Britain and France said the time had come for Syria to be referred to the Hague-based U.N. war crimes court, but diplomats noted this would require acceptance by veto-wielding Russia and China, which have blocked all previous efforts to condemn Syria.

"Gross human rights violations have grown in number, in pace and in scale," Pinheiro told the U.N. Human Rights Council in Geneva. "There is no statute of limitations on these crimes." 

He did not say if any Syrian rebels were among the names on the list, which updated a confidential one his independent team submitted to U.N. rights chief Navi Pillay in February.

Pinheiro presented the team's latest report, issued a month ago, saying Syrian government forces and allied militia have committed war crimes including murder and torture of civilians in what appears to be a state-directed policy. 

More than 20,000 people have been killed in the 18-month-old conflict, 1.2 million are uprooted within Syria and more than 250,000 have fled abroad, the United Nations says.
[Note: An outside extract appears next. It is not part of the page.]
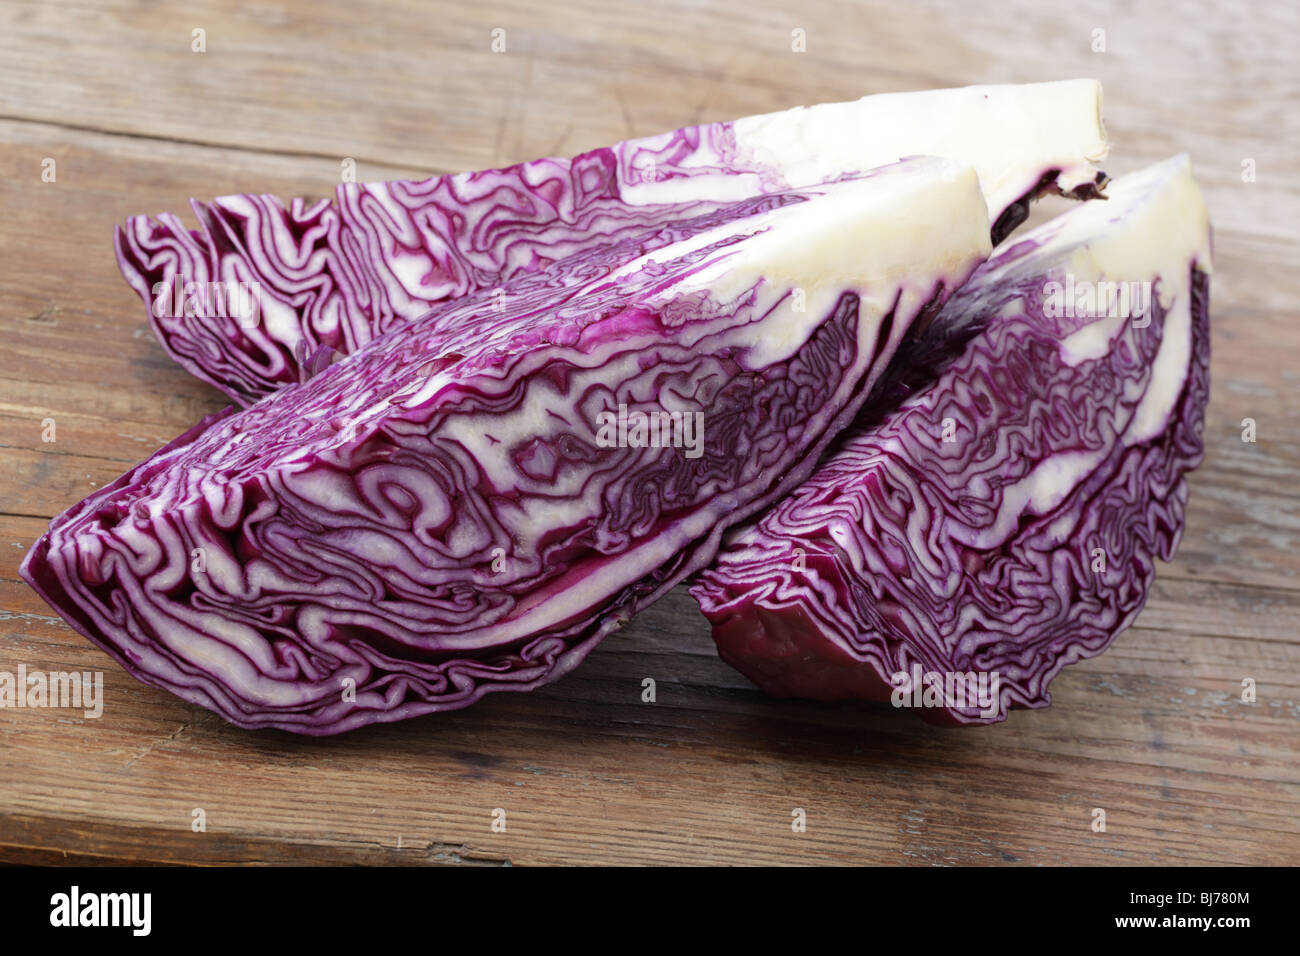 Sliced red cabbage on a wooden table Stock Photo
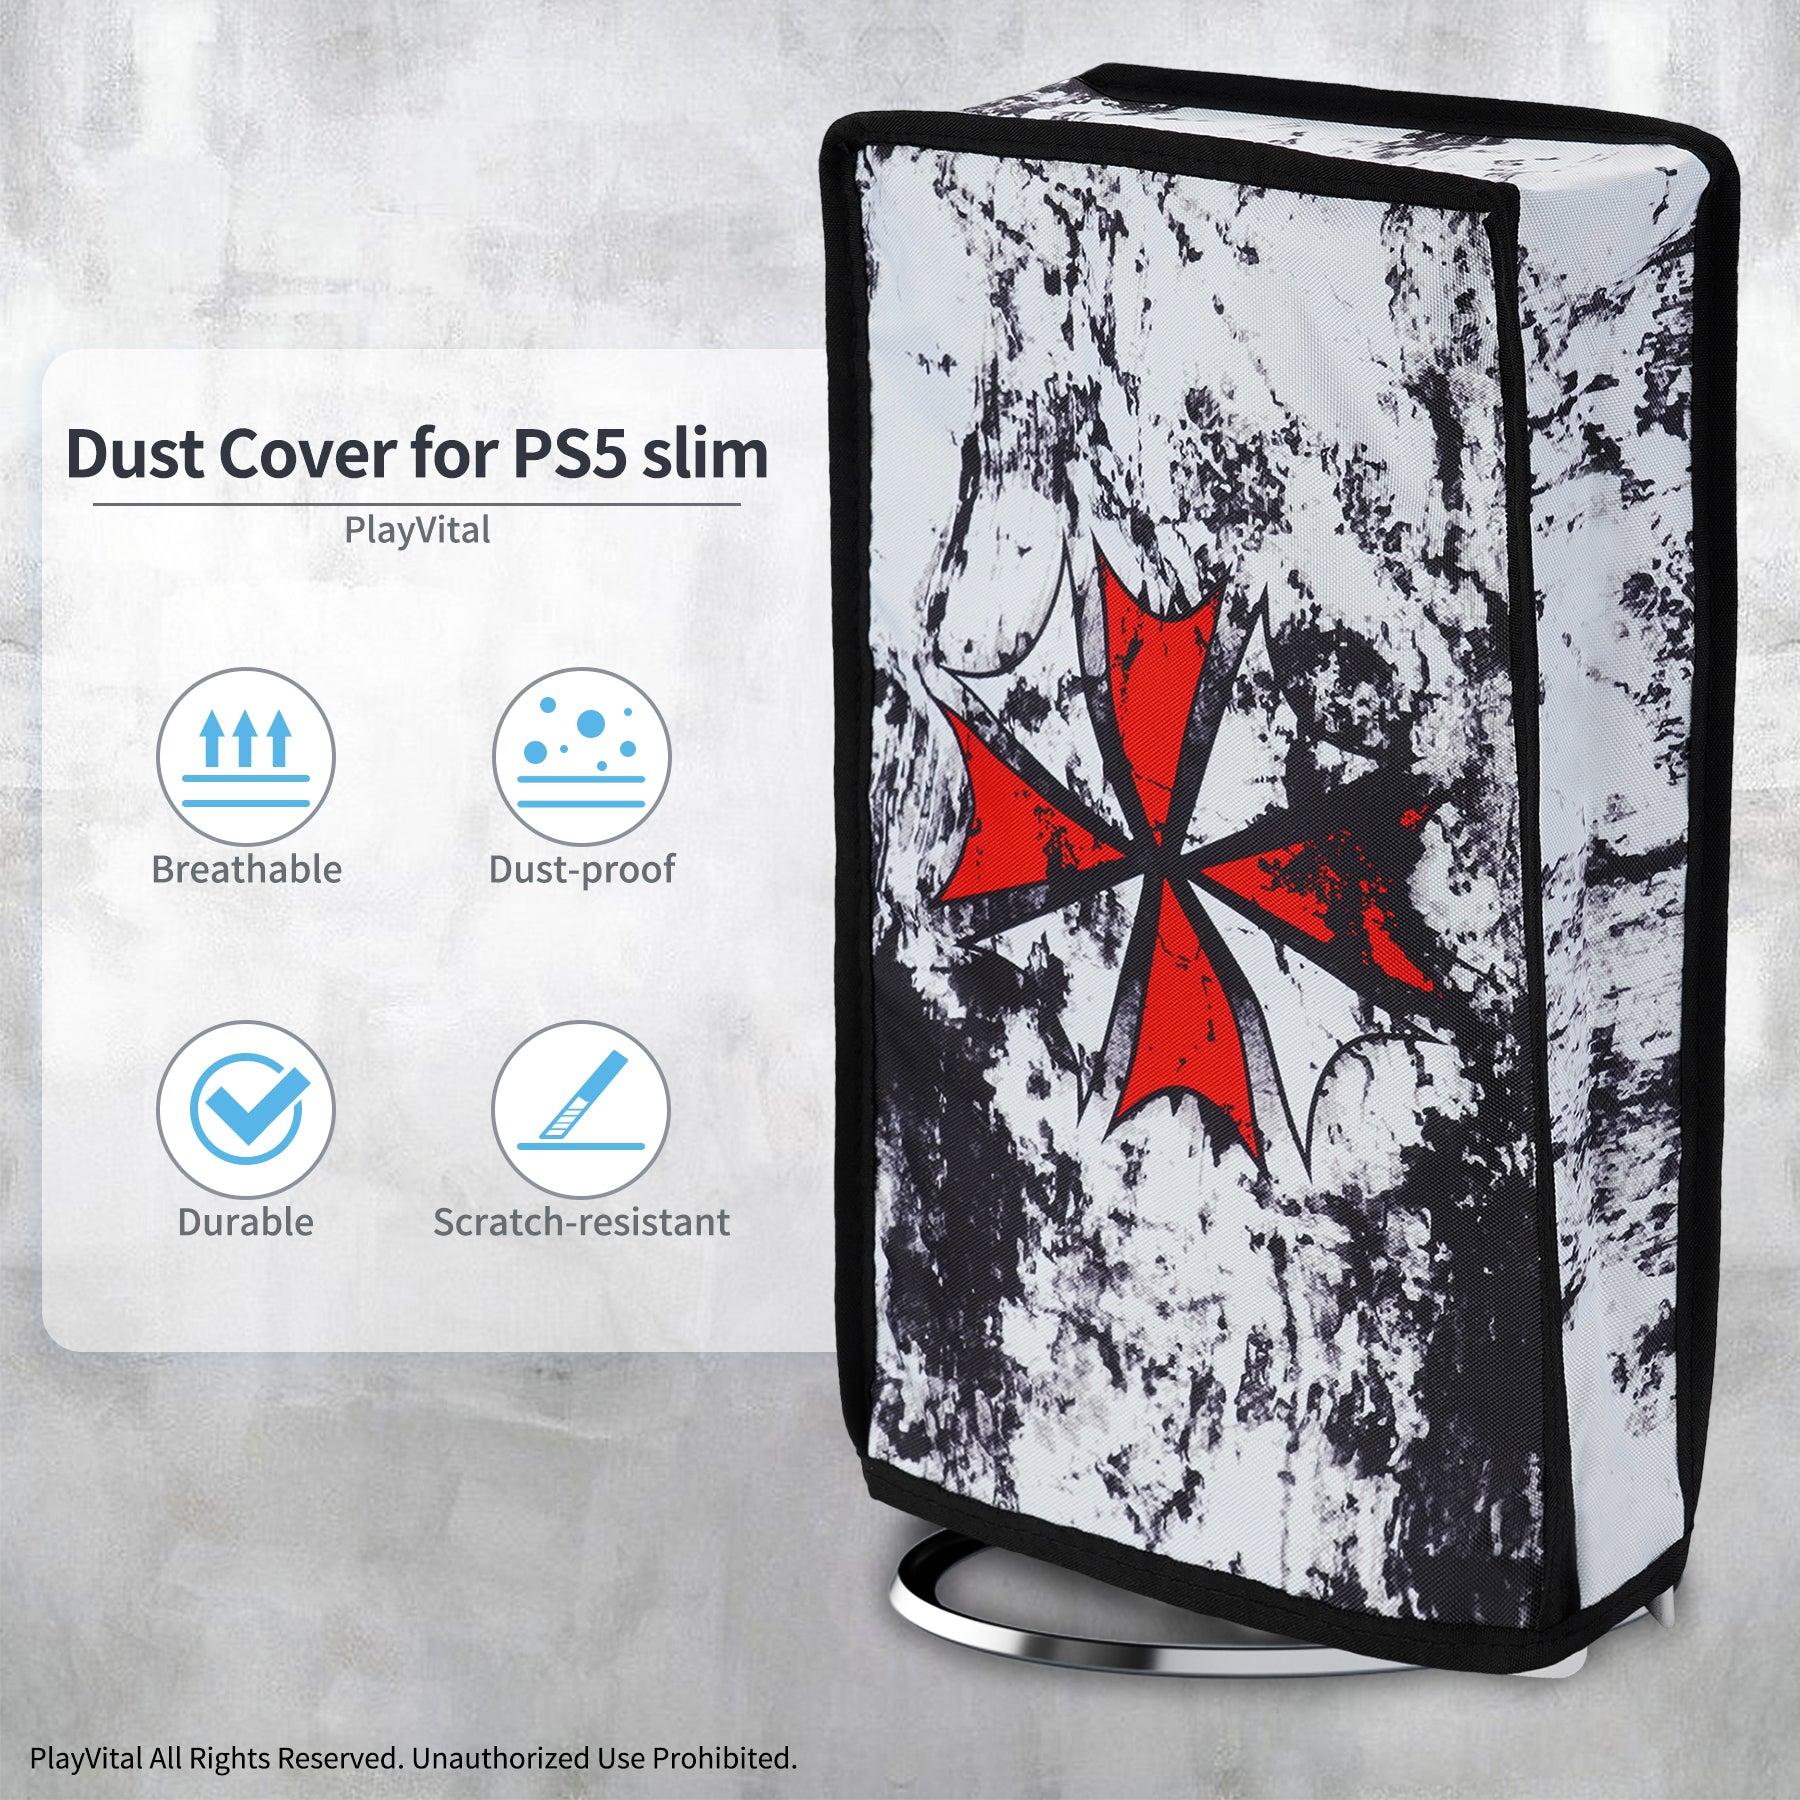 PlayVital Vertical Dust Cover for ps5 Slim Digital Edition(The New Smaller Design), Nylon Dust Proof Protector Waterproof Cover Sleeve for ps5 Slim Console - Biohazard - JKSPFH003 PlayVital

Food, water and medical supplies have run short in areas subjected to Syrian government air strikes, shelling and siege, Pinheiro said, adding that investigators had received "numerous accounts...of civilians barely managing to survive".

Pinheiro reported an "increasing and alarming presence" of Islamist militants in Syria, some joining the rebels and others operating independently. They tended to radicalise the rebels, who have also committed war crimes, the Brazilian expert said.

He cited allegations that rebels had "used prisoners to detonate vehicle-borne explosives", thus killing their captives in acts that also posed a danger to civilians.

It would be "improper" to make public the list of suspects because they were entitled to the presumption of innocence and no mechanism to hold perpetrators responsible was yet in place where allegations could be contested, Pinheiro said.

His team interviewed more than 1,100 victims, refugees and defectors in the past year. "We have no interviews with wounded soldiers, or families of dead agents of the government because the government of Syria does not allow us access to Syria."